HR Country Manager at Adidas Argentina
In the section "Decision makers" we summoned CEOs, Directors and Managers of leading companies to share their experience in decision making. In this edition, Ernesto Cardoso, HR Country Manager at Adidas Argentina.
"The best advice for someone who has to make a decision is "do not procrastinate" i.e. do not wait until the last minute to decide."
- Could you tell us one of the toughest decisions you had to make?
One of the hardest decisions I had to make in my life was changing careers from Corporate Finance to Human Resources.
- How do you address these complex decisons?
The first major step in addressing this change was to understand what I really wanted to do professionally.

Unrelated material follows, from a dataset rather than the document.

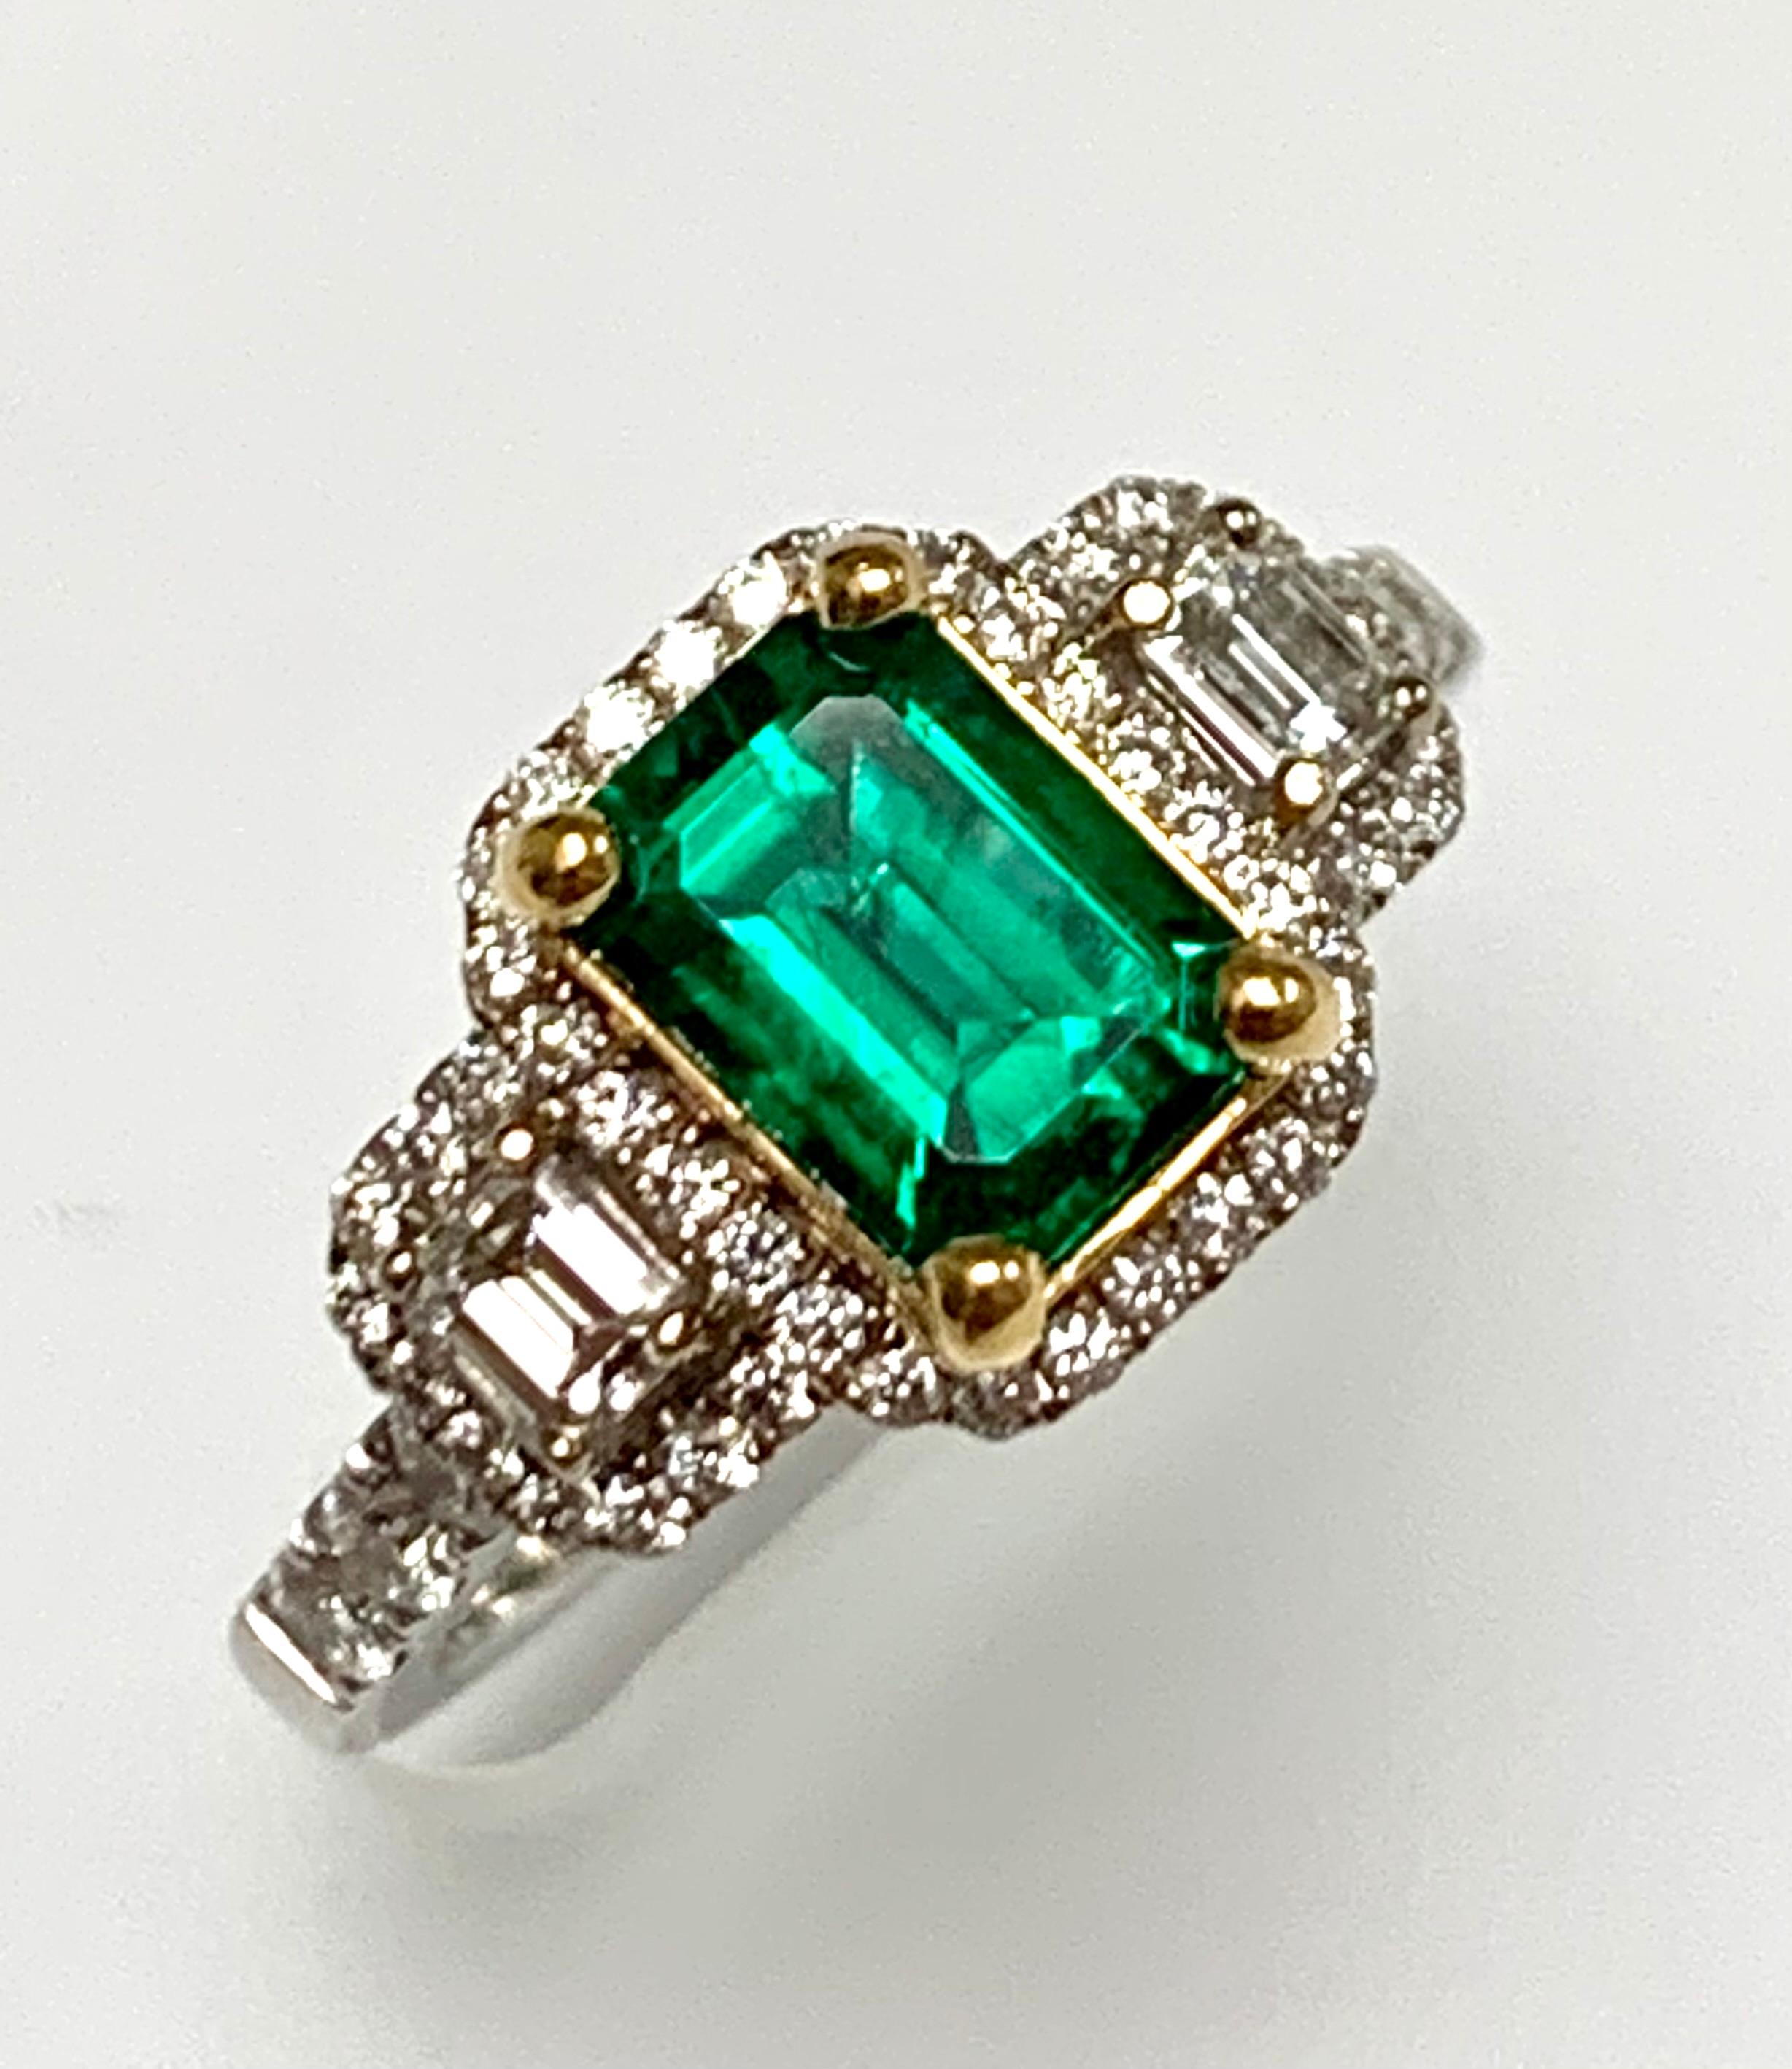 1.24 Carat emerald cut  Zambian emerald set in 18k white ring  / yellow gold basket , surrounded with  round diamonds around emerald  and pair of emerald cut diamonds in three stone style as well as diamonds set half way on the shank.

To achieve this, I had to face a long process of listening to myself deep inside, understanding who I was as a person, what my talents were, i.e., what I could do more intuitively, "what am I and what am I not good at?", knowing what things motivated me, mobilized me, made me happier and finally having the courage to make the change.
The main force to deal with when taking this decision was "fear" of losing what I had achieved so far from the professional point of view, of making a mistake and clinging to what I had achieved economically.
- What advice would you give someone who wants to improve their decision making?
The best advice for someone who has to make a decision is "do not procrastinate" i.e. do not wait until the last minute to decide. At the last moment, you have already missed the time to prepare, missed alternatives and/or opportunities and bargaining power. You have to be the owner of the decision and do not allow time to take the decision for you.
Experience has shown me that the more we move away from what we are and what we want to be, the more difficult it will be to decide to change and eventually someday "others" will make the decision for us. And finally, to make a good decision, it is also important to consider history, experience; we must capitalize on what has been done and transform it into something new, I suggest avoiding "the notion of staring with a clean slate"!